Johnson já estava sendo atacado pelos outros pré-candidatos. Em seu lançamento, Theresa May ridicularizou o acordo de canhões de água com a polícia alemã. Antes, ela havia dito: “Alguns precisam ser informados de que o que o governo faz não é um jogo, é um negócio sério que tem consequências reais para a vida das pessoas”. Boris estava se tornando uma piada, ferido por sua própria incoerência e deslealdade para com Cameron.

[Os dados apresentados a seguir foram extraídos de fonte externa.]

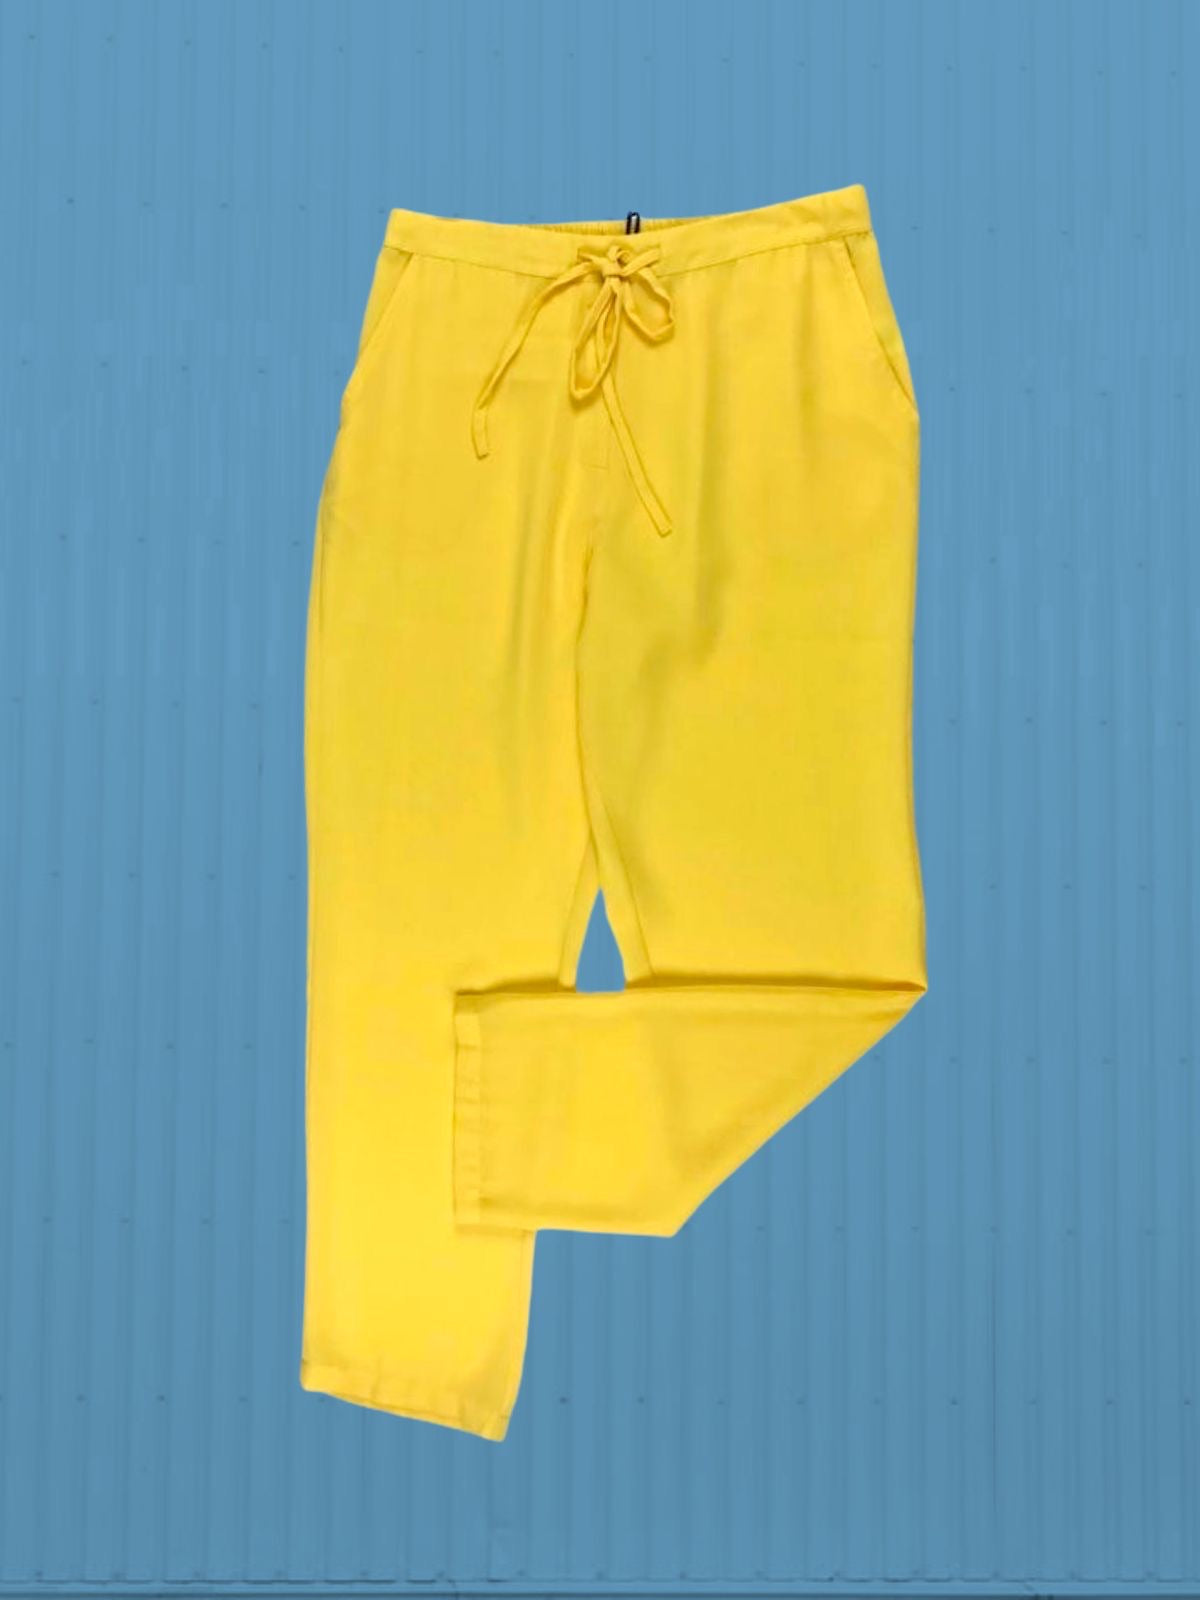 Md'M | Dress pajama pants 5119 yellow

O ministro candidato à liderança Stephen Crabb, outra peça importante nas eleições gerais de 2010 e 2015, deu uma alfinetada parecida. Ele disse em seu lançamento na quarta-feira: “Nos campos molhados de rúgbi de West Wales eu aprendi que não é uma questão de apenas esperar a bola pular para fora do scrum. Se você quer, faz o que é necessário”. Naquela manhã, Boris não conseguiu nem segurar a bola, deixando-a escapar por entre seus dedos, tropeçando em sua incompetência e empurrado por trás por um de seus companheiros de equipe.

Uma fonte de Downing Street me disse que o anúncio da renúncia de Cameron era “duplamente trágico” e que ele não mudaria de ideia. “Boris f***u tudo. Ele nunca apoiou a Brexit por princípio, ele só o fez para conseguir a liderança e agora não tem os colhões para ficar e lutar contra Gove.” Especula-se que, se Boris apoiar May, ele pode ser indicado para algum ministério de segunda linha, mas o consenso é que sua carreira política acabou.

Logo após o anúncio chocante, um dos amigos políticos mais próximos de Johnson me disse que Gove “colocou uma bomba embaixo das nossas cadeiras”. Mas outros acham que ele mesmo acendeu o pavio, meses atrás. Quem quer que seja o culpado, Boris finalmente implodiu, e de forma espetacular.

Este artigo foi originalmente publicado pelo HuffPost UK e traduzido do inglês.